Potential users were most willing to grant default access to their health care providers, especially those with positive health care privacy experiences. Their willingness decreased as the data recipient was further removed from the point of care. Patients generally trust their physicians and those in their circle of care to keep their data confidential; however, this trust to maintain confidentiality diminishes as the data recipient is further away from those providing care (eg, health department, researchers, and corporations) [25,27,35,46]. Canadians are generally comfortable with the sharing of their PHI through EHRs with other health care providers as they believe timely and easy access to PHI is necessary for high-quality care [47], highlighting the role of contextual relevance and issue involvement [48] in data-sharing behaviors. This assertion is supported by the finding that those with prior digital health use were 66% to 117% more likely to grant default access (entity dependent) than those who did not use digital health tools. These users may have a greater stake in using digital health tools, familiarity, and perceived benefits of sharing digital health data [28-34]. Contextual relevance also mattered for users with higher perceived sensitivity of PHI, as 126% were more likely to not give anyone default access and were less likely to grant default access to family, friends, and other supporters. These individuals may not be comfortable with default access and may want more control over how new information is shared. Sharing may depend on the purpose and whether it is a necessity; moreover, these individuals may want more control over how certain information is disclosed to close social associates as it may affect their relationships. They may want to share about it in person rather than have others find it out by default through technology [34].

The value of data sharing with digital health service providers may not be as clear as there is limited trust in service providers, especially commercial vendors [19,47]. In this study, one-fifth of potential users were willing to grant default access to service providers, of whom users with prior digital health experience and caregivers were more likely to share their data. As discussed earlier, these users may have greater perceived benefits of granting default access to data to service providers [28-34]. For caregivers, sharing data for this population may be perceived to improve the tasks and stressors associated with their caregiving roles through the development of better or improved digital health services [49]. Further understanding the rationales of those trusting and skeptical of commercial service providers will be a necessity as these providers are a growing contributor to the number and types of services provided and an important source of data for patient access channels. This understanding can inform the permitted uses outlined in the trust framework and enable informed and meaningful consent.

Information Needs

This study builds upon the Meaningful Consent Guidelines for use in the digital health context.
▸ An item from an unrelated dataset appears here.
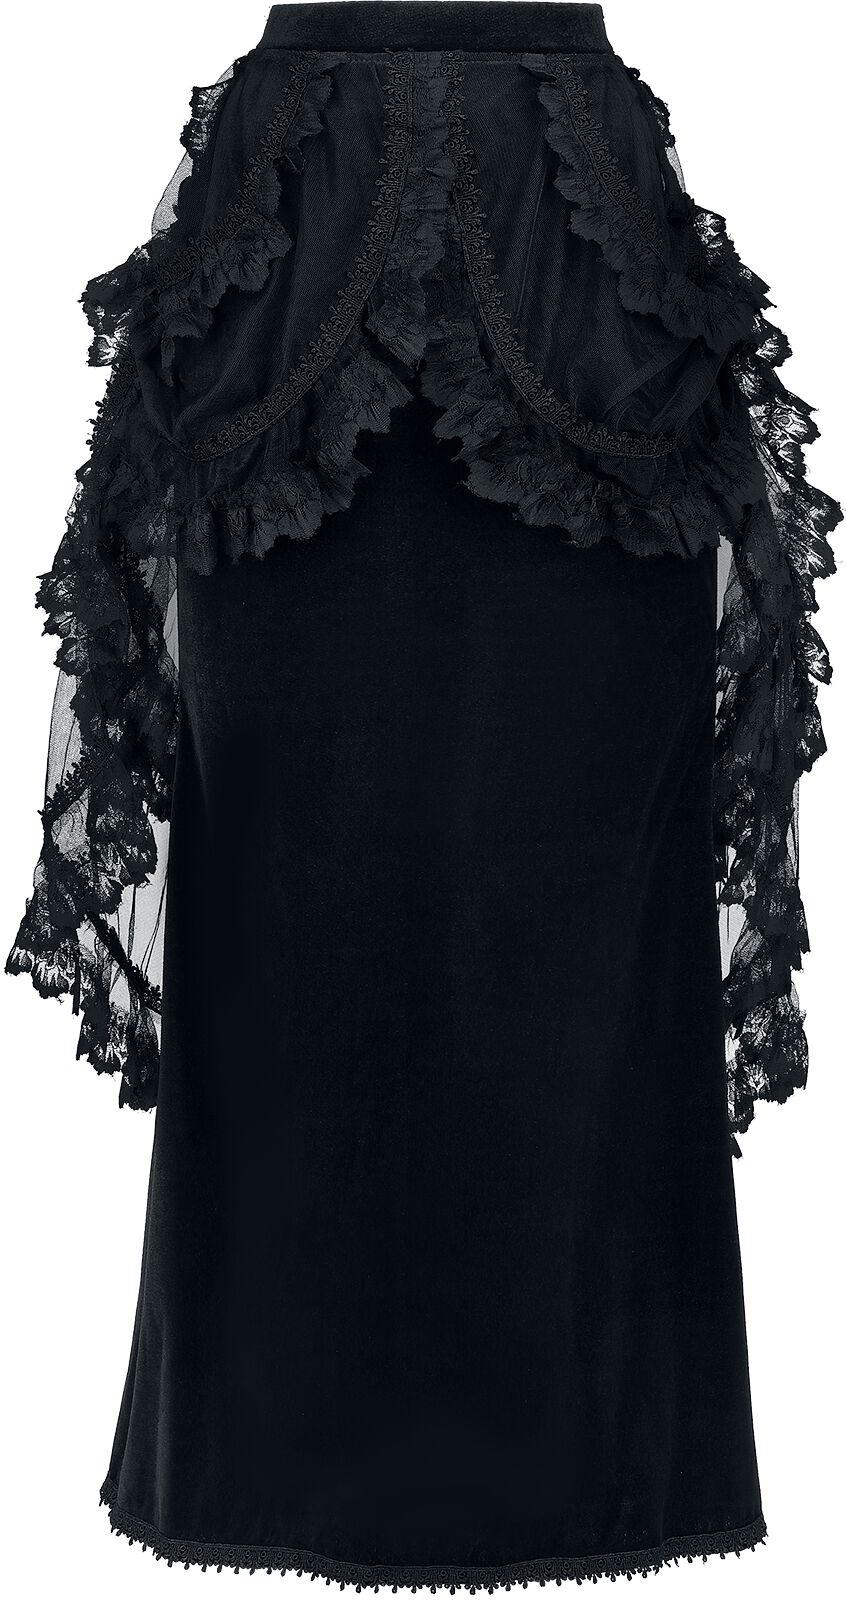 Sinister Gothic Gothic Skirt Langer Rock schwarz 972 BLACK

The guidelines recommend that digital vendors emphasize four key information elements: what is collected, who has access, purpose of data collection, and potential risks. However, this study found that potential users may need 5 to 6 emphasized information elements. The additional elements of emphasis include information on monitoring access, restricting access, and revoking consent. The findings also suggest that there is a need to tailor the order of emphasized elements as they will vary depending on who is accessing the data.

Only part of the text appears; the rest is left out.